Records for processing
-=-=-
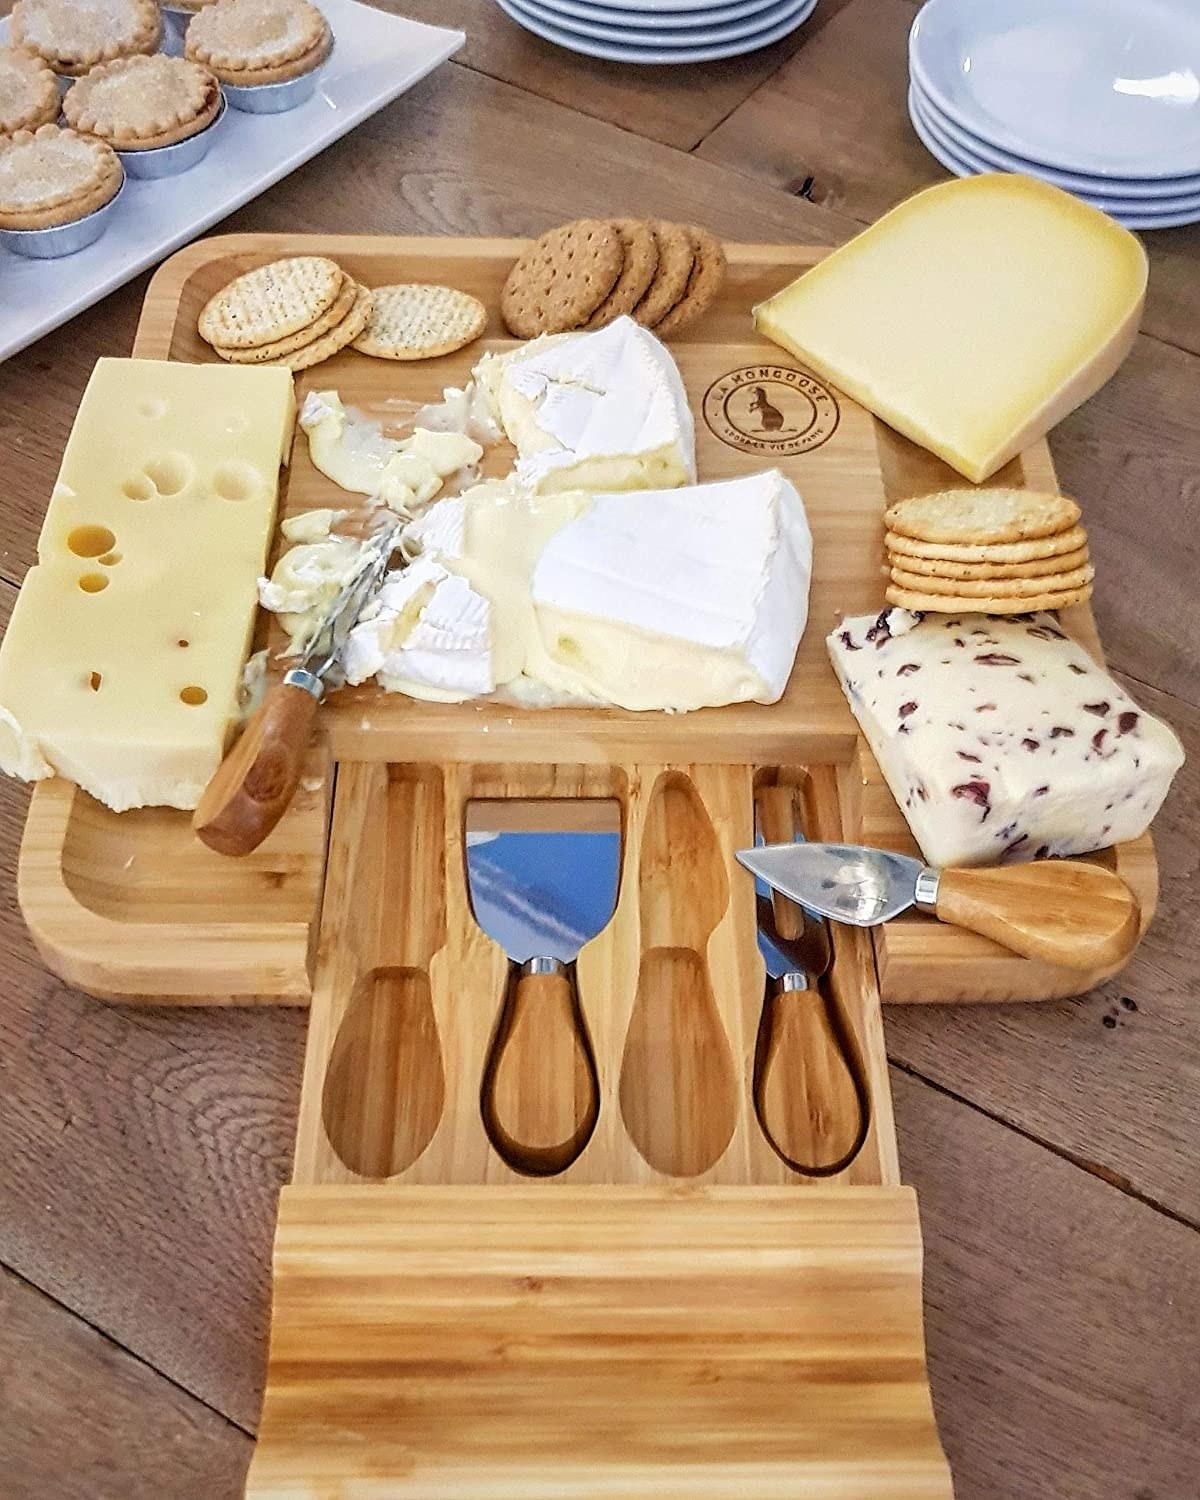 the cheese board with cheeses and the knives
-=-=-
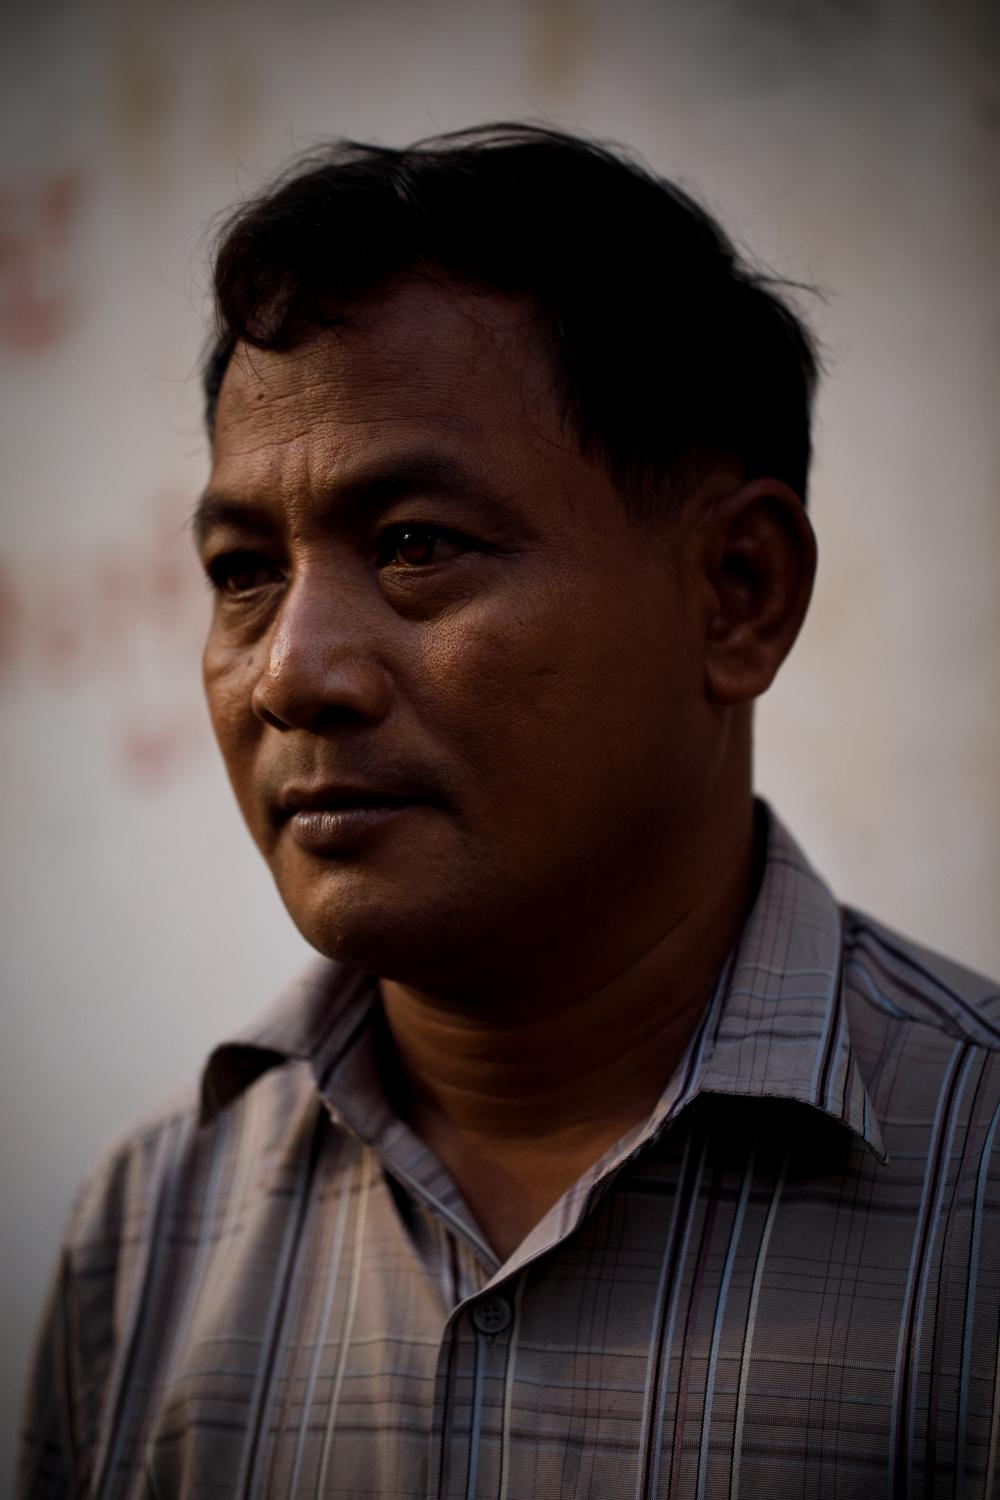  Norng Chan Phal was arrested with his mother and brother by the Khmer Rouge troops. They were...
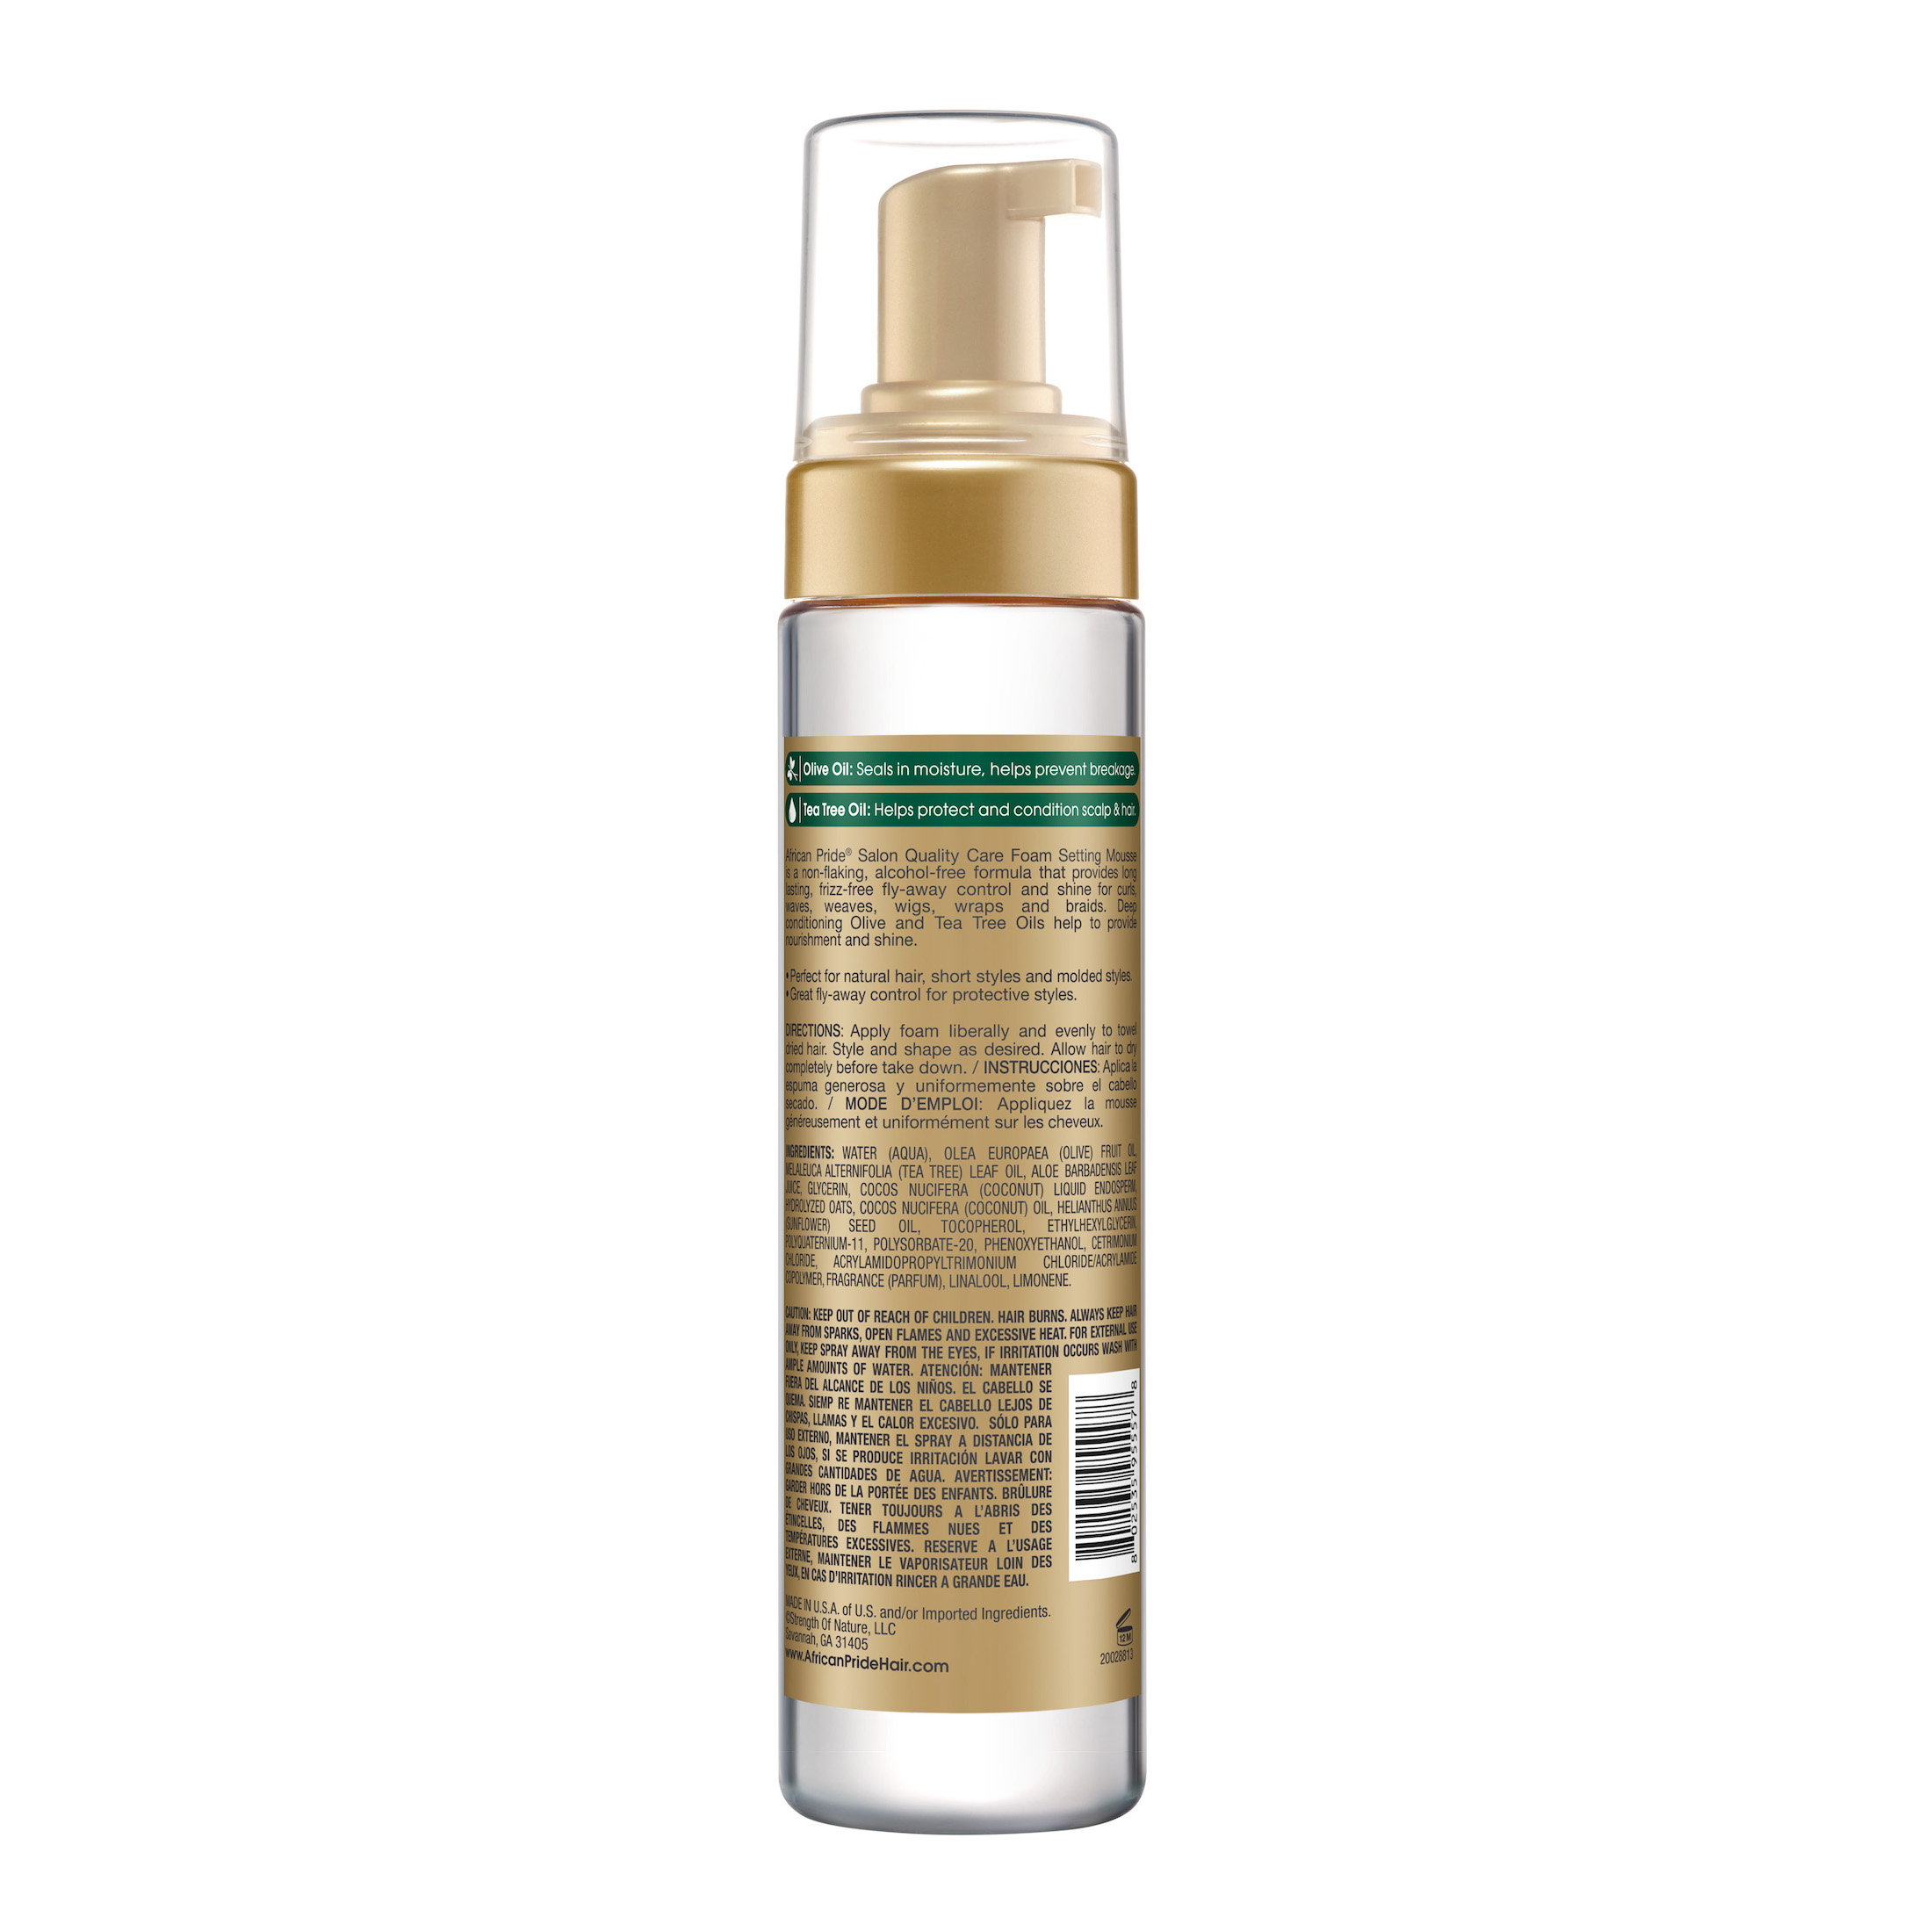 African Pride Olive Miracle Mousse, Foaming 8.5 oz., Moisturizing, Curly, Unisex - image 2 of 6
-=-=-
Exercise directions
Transcribe only this stretch of the data: the line with "Norng Chan Phal", the line with "African Pride Olive", and every line in between. Leave out the pictures.

Written reply
  Norng Chan Phal was arrested with his mother and brother by the Khmer Rouge troops. They were...
 African Pride Olive Miracle Mousse, Foaming 8.5 oz., Moisturizing, Curly, Unisex - image 2 of 6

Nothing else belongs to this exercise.